From Skeptics to Believers: How AI can Transform the Chip Design Industry
The EDA (Electronic Design Automation) industry veterans, accomplished professors, and incumbent giants—Cadence, Synopsys, and Siemens EDA—were once the fiercest critics of using AI for chip design. Today, they've become its most vocal proponents.
This article isn't meant to criticize these companies or experts. Rather, it's an introspection on how a growth mindset enables disruptive innovation that even the smartest and most successful organizations can fail to anticipate.
Even the "Smartest" People Have Blind Spots
At DAC 2022 (July 10–14, 2022), I participated in a panel alongside Clark Barrett (Stanford University), Avi Ziv (IBM Research), and Erik Berg (Microsoft). I made a bold prediction: "The future of verification and chip design will hinge on the use of Reinforcement Learning and Language Models."
The audience fell silent. The panelists were visibly shocked. The AMD representative organizing the panel was in disbelief that I'd mentioned language models in the context of design verification. Keep in mind—this was before ChatGPT's release in November 2022.
The Panel That Missed the Mark
Vighnesh Iyer captured the sentiment in his DAC 2022 recap blog, describing the panel "ML for Verification: Does it Work or Doesn't It?" The panelists included:
- Clark Barrett — Stanford University (the ML skeptic and formal methods advocate)
- Erik Berg — Microsoft
- Sandeep Srinivasan — VerifAI (the ML enthusiast)
- Avi Ziv — IBM
- Shobha Vasudevan — Google Brain (absent)
Industry expert and panel moderator Brian Bailey later wrote an article titled "Can ML Help Verification? Maybe", highlighting the industry's struggle to make meaningful progress with machine learning in functional verification.
The skepticism was palpable.
Clark Barrett stated: "I've seen a lot of examples of people trying to use AI for problems it is not well suited for. There are things AI is really good at, but if you need to do precise reasoning, if you need to find bugs that nobody's seen before—then maybe AI is just not the right tool for the job."
Meanwhile, I argued: "We pay the smartest human beings—our engineers—to sift through log files. With 40,000 failures a week, using natural language processing on unstructured log data can dramatically speed up debug and decision-making. It's not a silver bullet, but there's a huge opportunity to save time and resources across multiple categories."
The Lesson: Maintain an Open Mind and Growth Mindset
These anecdotes underscore a critical point: as an industry, we must keep an open mind and cultivate a growth mindset.
Approximate computing—solving hard problems by allowing neural networks to learn—shouldn't be dismissed as inferior to closed-form solutions or formal methods. We still have limited understanding of how neural networks, including transformer models, learn and produce unexpected results. These characteristics can be intimidating to traditional engineers and mathematicians (though perhaps less so to physicists).
When AI models challenge everything we've learned and perform better, it's deeply unsettling for many of us. But discomfort shouldn't prevent progress.
What's Ahead: Multiple Paradigm Shifts in Chip Design
There has been pent-up demand for innovation in Semiconductor Engineering for decades. Semiconductor engineers have long been at the mercy of EDA companies to provide "smart closed-form solutions" to challenging problems like placement, routing, static timing analysis (STA), simulation, and verification.
The Empowered Engineer
The semiconductor engineer is evolving. Empowered by AI coding assistants like GitHub Copilot, Claude Code, and Gemini CLI.
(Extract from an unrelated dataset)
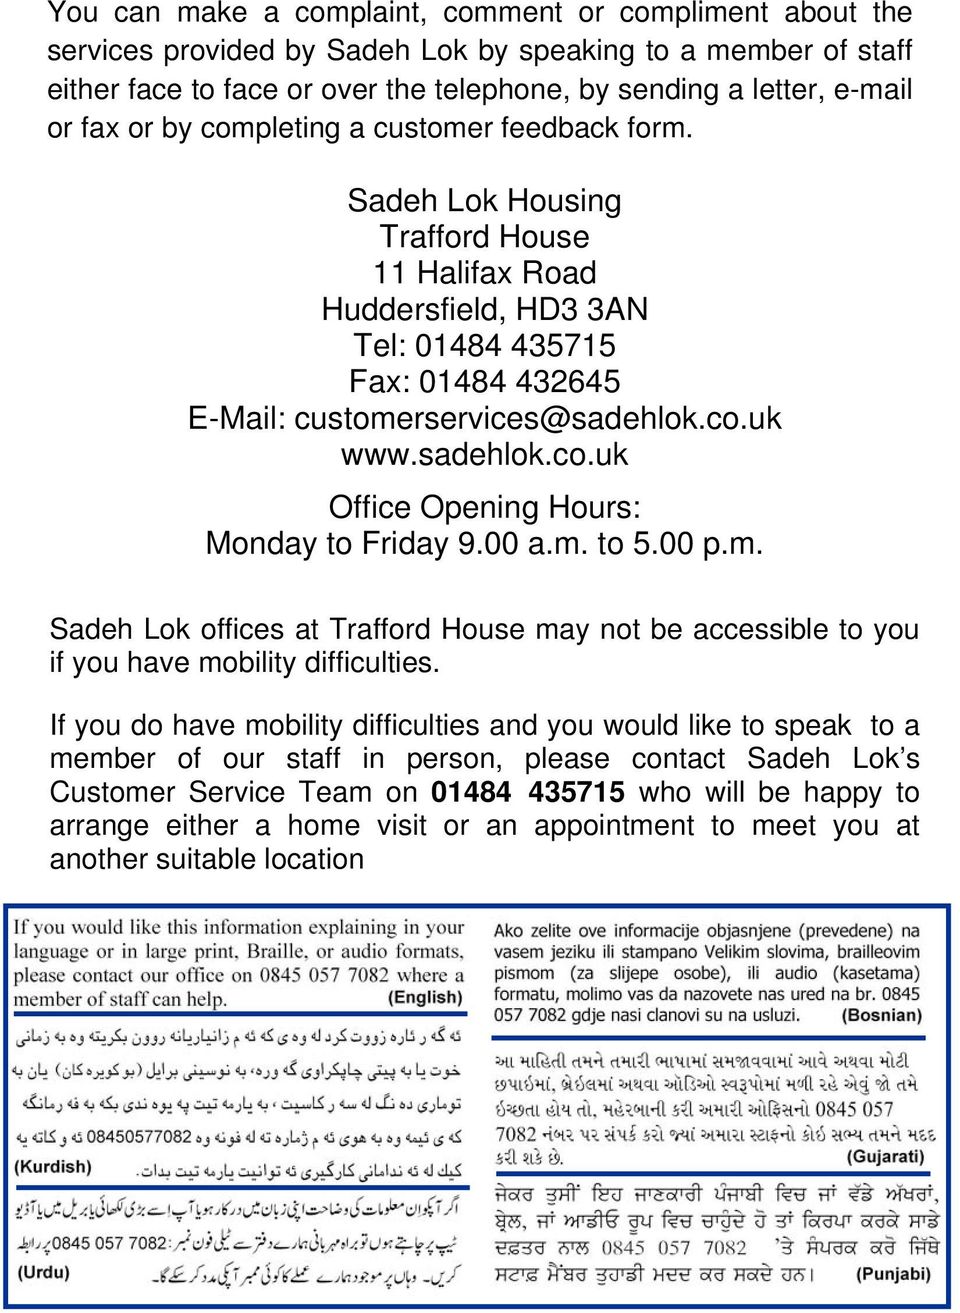 sadehlok.co.uk Office Opening Hours: Monday to Friday 9.00 a.m. to 5.00 p.m. Sadeh Lok offices at Trafford House may not be accessible to you if you have mobility difficulties.

Semiconductor Engineers are no longer passive consumers of EDA products—and they're certainly not hostage to the industry's slow pace of innovation.
However, the EDA industry has historically protected its franchise by maintaining a closed ecosystem, allowing minimal innovation on chip-design work flows, from semiconductor customers. While this may have seemed like sound business practice, in today's environment, this dynamic is working against monopolies and the EDA establishment.
From Closed Solutions to Open Competition
The EDA industry's closed-form solution mindset has been its greatest asset. In today's era of approximate solutions, it may become its greatest liability.
Here's why: EDA tools will be used by AI agents built by semiconductor engineers, which will naturally gravitate toward the best performing and cost-effective solutions. The differences between tools like VCS, Xcelium, Questa, FusionCompiler, Innovus will diminish as AI agents adapt to the best least-cost option.
Open-source simulators such as Verilator and chip design flows like OpenROAD may have an outsized influence in this agentic world of rapid experimentation and iteration.
Conclusion
The transformation of the EDA industry from AI skeptics to believers isn't just about technology—it's about mindset. Organizations and individuals who embrace uncertainty, remain open to unconventional approaches, and cultivate a growth mindset will lead the next wave of innovation in chip design.
The question isn't whether AI will transform chip design. It's whether you'll be leading that transformation or playing catch-up.